On Thu, Dec 09 2021 at 14:15, Peter Collingbourne wrote:
> @@ -197,14 +201,19 @@ static unsigned long exit_to_user_mode_loop(struct pt_regs *regs,
>  static void exit_to_user_mode_prepare(struct pt_regs *regs)
>  {
>  	unsigned long ti_work = READ_ONCE(current_thread_info()->flags);
> +	bool uaccess_buffer_pending;
>  
>  	lockdep_assert_irqs_disabled();
>  
>  	/* Flush pending rcuog wakeup before the last need_resched() check */
>  	tick_nohz_user_enter_prepare();
>  
> -	if (unlikely(ti_work & EXIT_TO_USER_MODE_WORK))
> +	if (unlikely(ti_work & EXIT_TO_USER_MODE_WORK)) {
> +		bool uaccess_buffer_pending = uaccess_buffer_pre_exit_loop();
> +
>  		ti_work = exit_to_user_mode_loop(regs, ti_work);
> +		uaccess_buffer_post_exit_loop(uaccess_buffer_pending);

What?

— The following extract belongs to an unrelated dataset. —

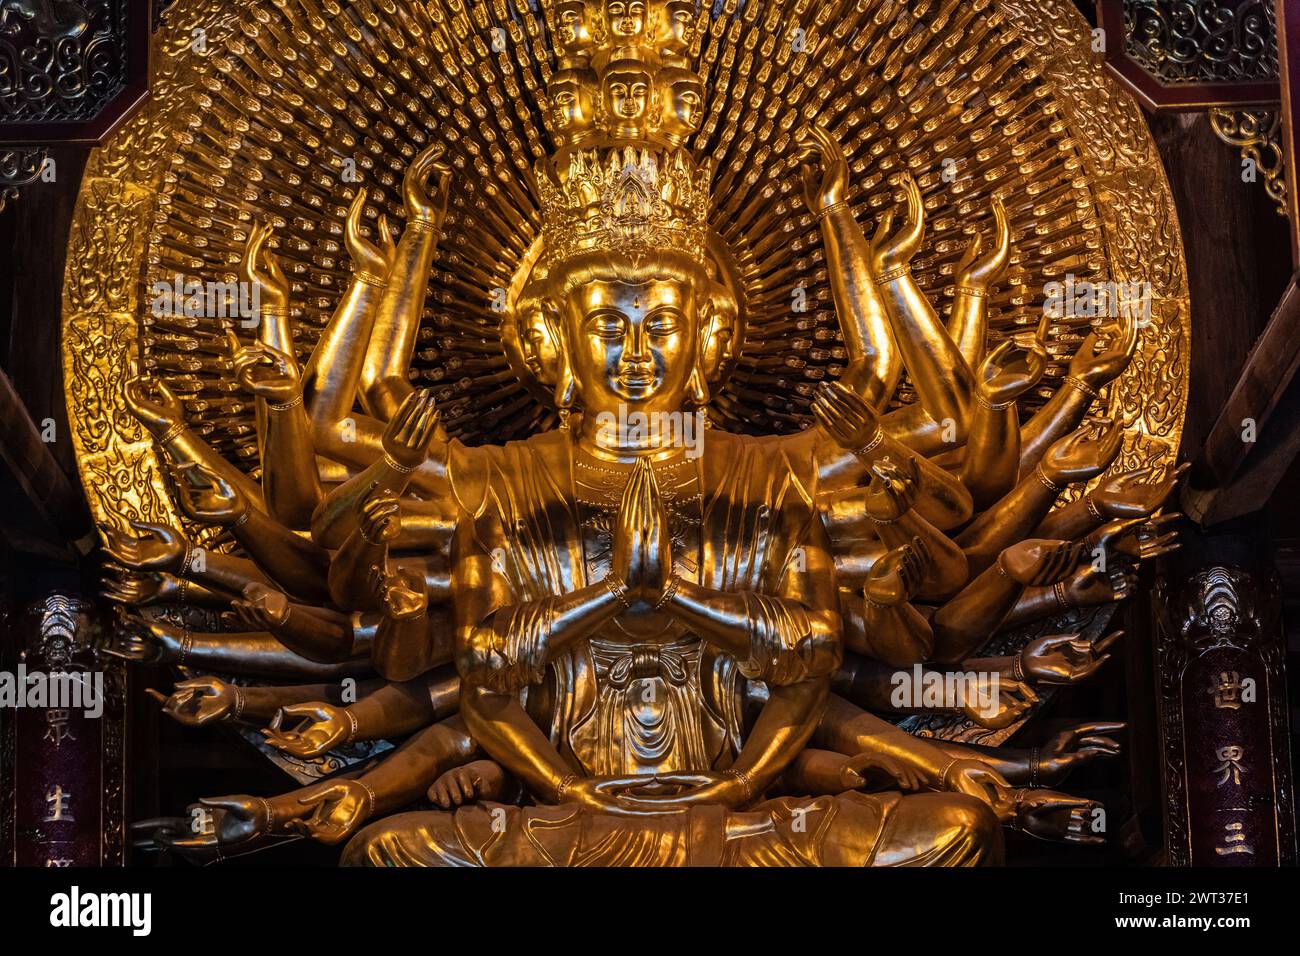 Large, ornate, gold Buddha statue with multiple arms in the Bai Dinh Pagoda temple complex, Trang An, Ninh Binh province, northern Vietnam. Stock Photo

Let me look at the these two functions, which are so full of useful
comments:

> +bool __uaccess_buffer_pre_exit_loop(void)
> +{
> +	struct uaccess_buffer_info *buf = &current->uaccess_buffer;
> +	struct uaccess_descriptor __user *desc_ptr;
> +	sigset_t tmp_mask;
> +
> +	if (get_user(desc_ptr, buf->desc_ptr_ptr) || !desc_ptr)
> +		return false;
> +
> +	current->real_blocked = current->blocked;
> +	sigfillset(&tmp_mask);
> +	set_current_blocked(&tmp_mask);

This prevents signal delivery in exit_to_user_mode_loop(), right?

> +	return true;
> +}
> +
> +void __uaccess_buffer_post_exit_loop(void)
> +{
> +	unsigned long flags;
> +
> +	spin_lock_irqsave(&current->sighand->siglock, flags);
> +	current->blocked = current->real_blocked;
> +	recalc_sigpending();

This restores the signal blocked mask _after_ exit_to_user_mode_loop()
has completed, recalculates pending signals and goes out to user space
with eventually pending signals.

How is this supposed to be even remotely correct?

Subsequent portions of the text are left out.